The real secret to any work of art whether writing, painting, sculpting, or quilting is DETAIL. For writing, this means using the most specific word that fits, the exact turn of phrase needed to get the point across. For example, instead of walked, perhaps she stumbled, trudged, marched or hiked. Find the word that carries the most detail and use variety.
The same principal applies to painting. Is there a line on the bird’s feather? It’s not just brown. What are the other colors peaking through? Be specific with each color and stroke. Again, DETAIL. Of course, if your detail consists of a thousand tiny red dots, you might have missed another critical element. The eye must be captivated, drawn in by the changes, thus the variety.

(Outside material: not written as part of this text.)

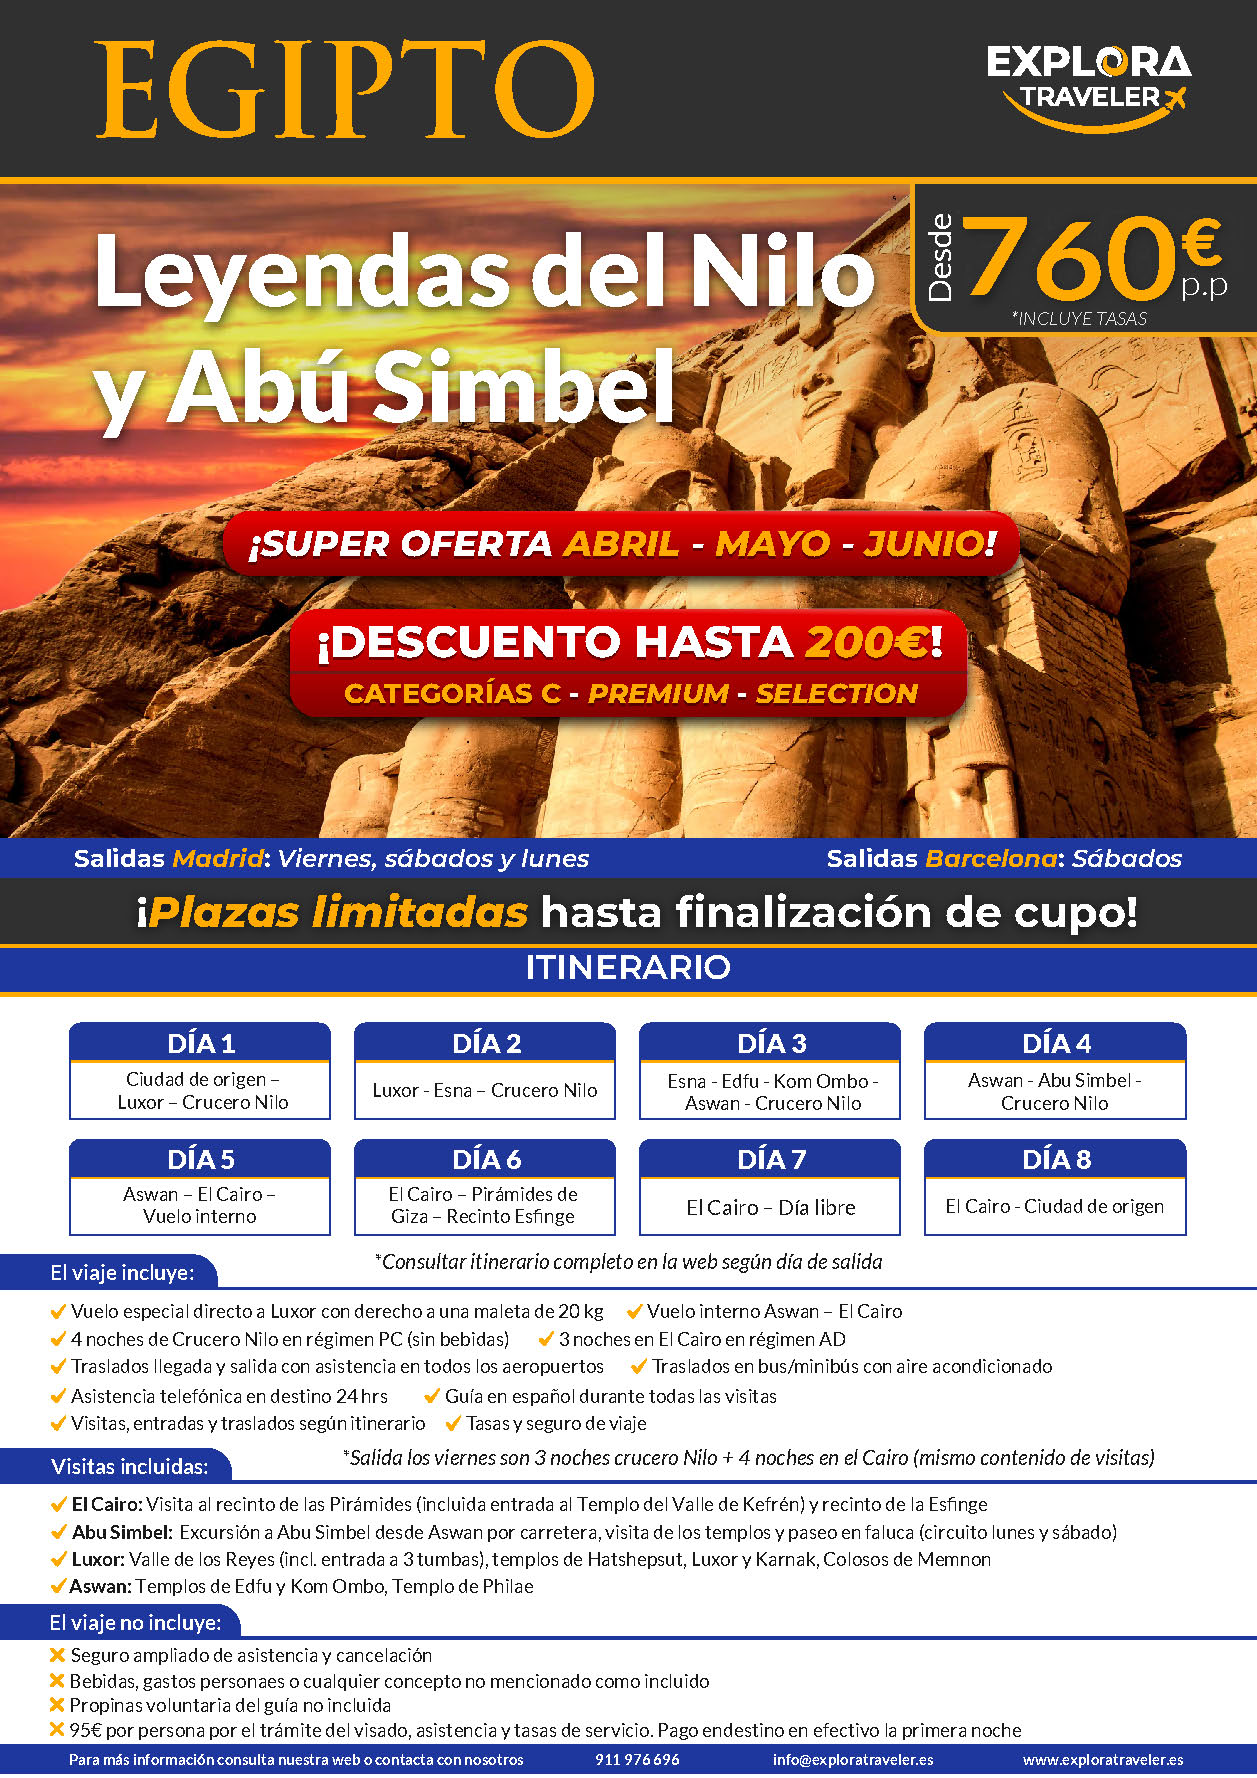 Oferta Explora Traveler Egipto Charter Leyendas del Nilo y Abu Simbel 8 dias salidas abril mayo junio 2024 vuelo directo desde Madrid y Barcelona

Most of what takes a work of art and pushes it to the next level is spending that extra bit of time to make the little bits and pieces right. It’s also something I learned the hard way after watching too many half-hour painting shows as a child. I used to think I could paint a happy tree fast, but I’ve learned to take it slower. Patience is still something I have to work on.
And so, I would urge anyone struggling with their art, whether in verbal or visual form, to take another look and see if you can get more specific.